You could test the network for such problems by sending out every possible int. This would, after almost 4.3 billion iterations, test every possible four-byte sequence. On the receiving end, you could easily test whether the data received is expected with a simple numeric comparison. If any problems are found, it is easy to tell exactly where they occurred. In other words, this protocol (call it Intgen) behaves like this:

  1. The client connects to the server.
  2. The server immediately begins sending four-byte, big-endian integers, starting with 0 and incrementing by 1 each time. The server will eventually wrap around into the negative numbers.
  3. The server runs indefinitely. The client closes the connection when it’s had enough.

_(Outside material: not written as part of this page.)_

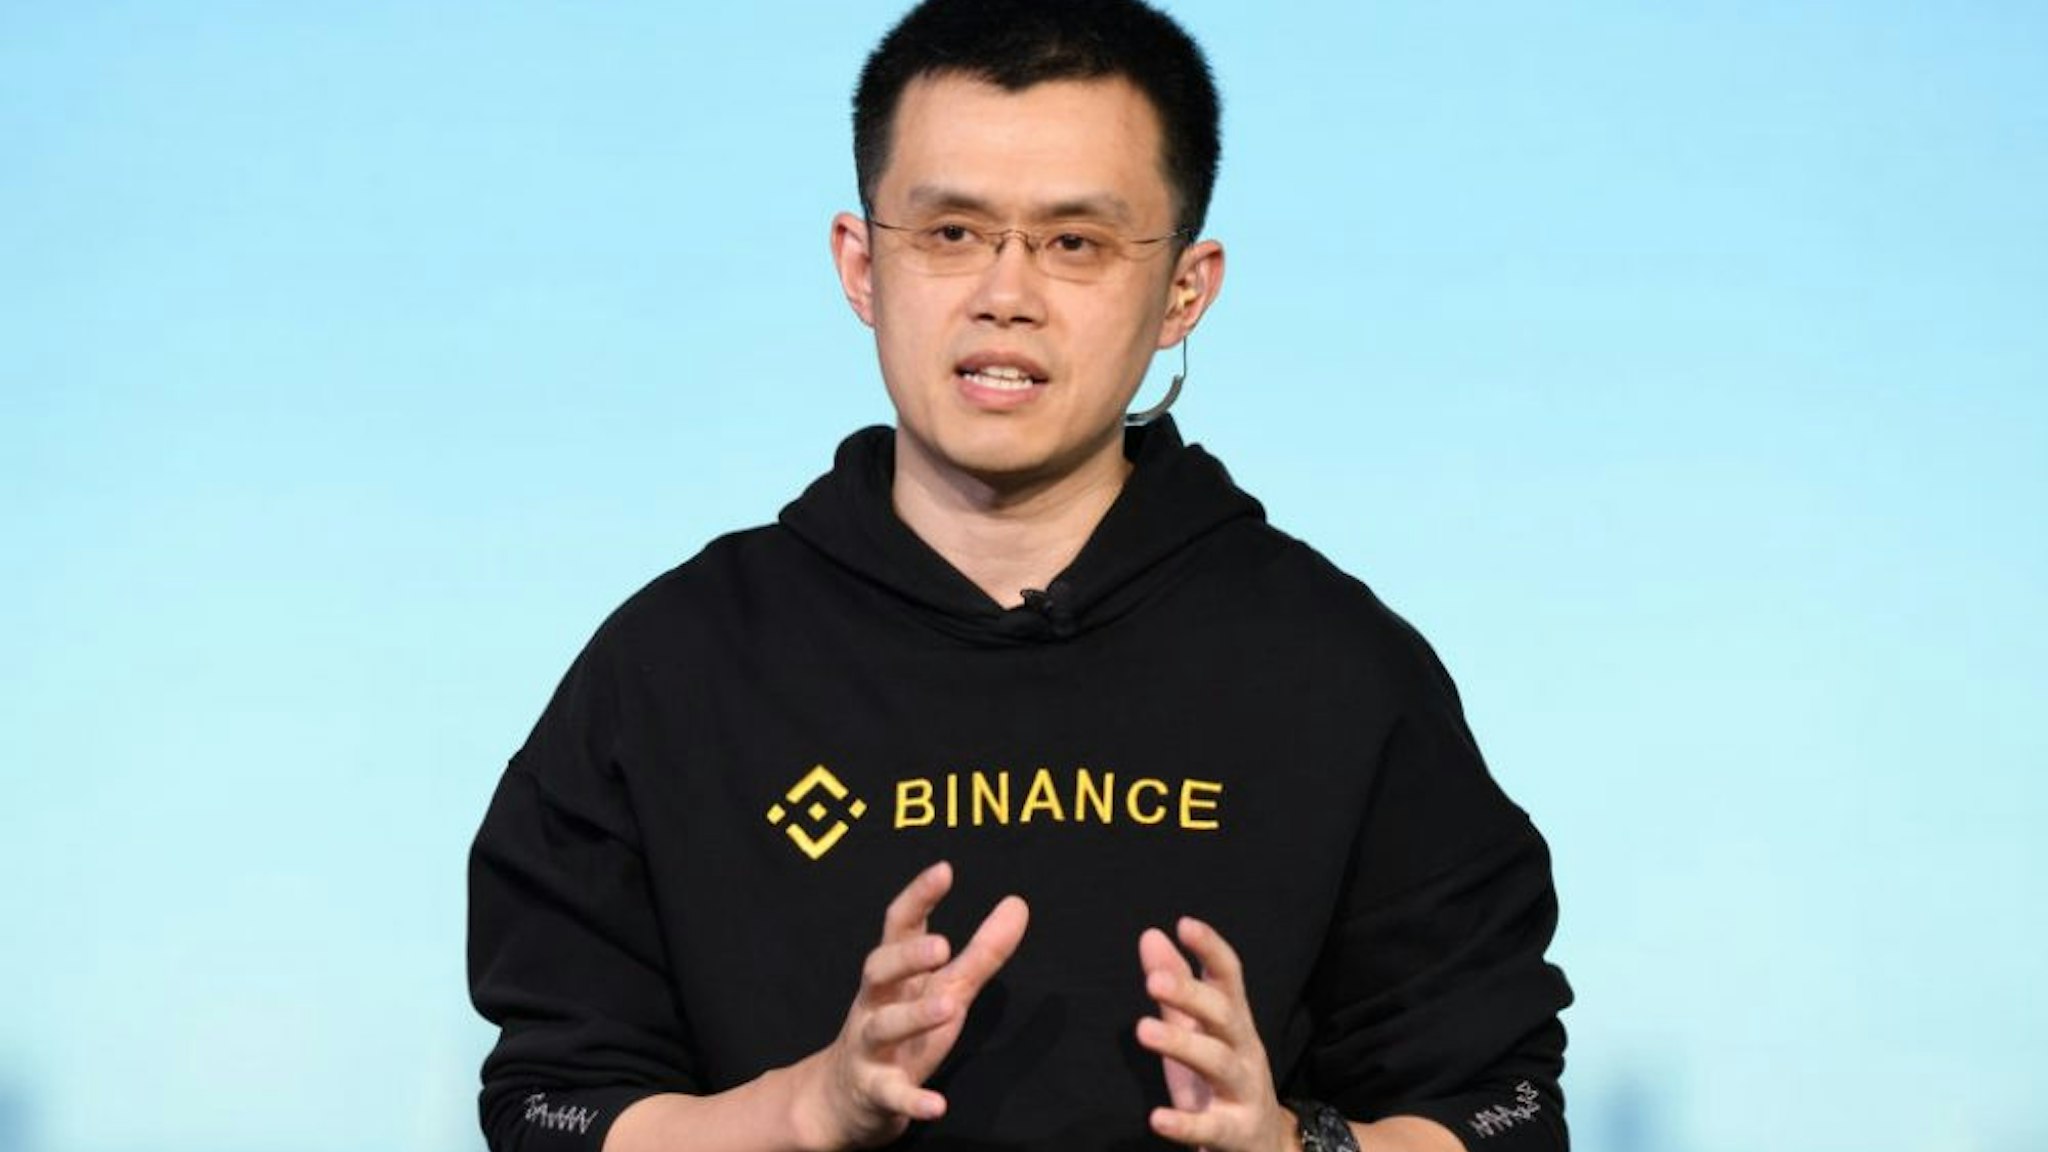 Zhao Changpeng, chief executive officer of Binance, speaks during a Bloomberg Television interview in Tokyo, Japan, on Thursday, Jan. 11, 2018. The worlds biggest cryptocurrency exchange keeps getting bigger. Binance.com is adding a couple of million registered users every week, with 240,000 people signing up in just an hour on Wednesday, said Zhao.

The server would store the current int in a four-byte-long direct ByteBuffer. One buffer would be attached to each channel. When the channel becomes available for writing, the buffer is drained onto the channel. Then the buffer is rewound and the content of the buffer is read with getInt(). The program then clears the buffer, increments the previous value by one, and fills the buffer with the new value using putInt(). Finally, it flips the buffer so it will be ready to be drained the next time the channel becomes writable. Example 3 demonstrates.

import java.nio.*;
import java.nio.channels.*;
import java.net.*;
import java.util.*;
import java.io.IOException;

public class IntgenServer {

  public static int DEFAULT_PORT = 1919;

  public static void main(String[] args) {

    int port;
    try {
      port = Integer.parseInt(args[0]);
    } catch (RuntimeException ex) {
      port = DEFAULT_PORT;
    }
    System.out.println("Listening for connections on port " + port);
    ServerSocketChannel serverChannel;
    Selector selector;
    try {
      serverChannel = ServerSocketChannel.open();
      ServerSocket ss = serverChannel.socket();
      InetSocketAddress address = new InetSocketAddress(port);
      ss.bind(address);
      serverChannel.configureBlocking(false);
      selector = Selector.open();
      serverChannel.register(selector, SelectionKey.OP_ACCEPT);
    } catch (IOException ex) {
      ex.printStackTrace();
      return;
    }

    while (true) {
      try {
        selector.select();
      } catch (IOException ex) {
        ex.printStackTrace();
        break;
      }

      Set<SelectionKey> readyKeys = selector.selectedKeys();
      Iterator<SelectionKey> iterator = readyKeys.iterator();
      while (iterator.hasNext()) {
        SelectionKey key = iterator.next();
        iterator.remove();
        try {
          if (key.isAcceptable()) {
            ServerSocketChannel server = (ServerSocketChannel) key.channel();
            SocketChannel client = server.accept();
            System.out.println("Accepted connection from " + client);
            client.configureBlocking(false);
            SelectionKey key2 = client.register(selector, SelectionKey.
                                                                     OP_WRITE);
            ByteBuffer output = ByteBuffer.allocate(4);
            output.putInt(0);
            output.flip();
            key2.attach(output);
          } else if (key.isWritable()) {
            SocketChannel client = (SocketChannel) key.channel();
            ByteBuffer output = (ByteBuffer) key.attachment();
            if (! output.hasRemaining()) {
              output.rewind();
              int value = output.getInt();
              output.clear();
              output.putInt(value + 1);
              output.flip();
            }
            client.write(output);
          }
        } catch (IOException ex) {
          key.cancel();
          try {
            key.channel().close();
          }
          catch (IOException cex) {}
        }
      }
    }
  }
}

View Buffers

If you know the ByteBuffer read from a SocketChannel contains nothing but elements of one particular primitive data type, it may be worthwhile to create a view buffer. This is a new Buffer object of appropriate type (e.g., DoubleBuffer, IntBuffer, etc.), that draws its data from an underlying ByteBuffer beginning with the current position. Changes to the view buffer are reflected in the underlying buffer and vice versa. However, each buffer has its own independent limit, capacity, mark, and position. View buffers are created with one of these six methods in ByteBuffer:

public abstract ShortBuffer  asShortBuffer()
public abstract CharBuffer   asCharBuffer()
public abstract IntBuffer    asIntBuffer()
public abstract LongBuffer   asLongBuffer()
public abstract FloatBuffer  asFloatBuffer()
public abstract DoubleBuffer asDoubleBuffer()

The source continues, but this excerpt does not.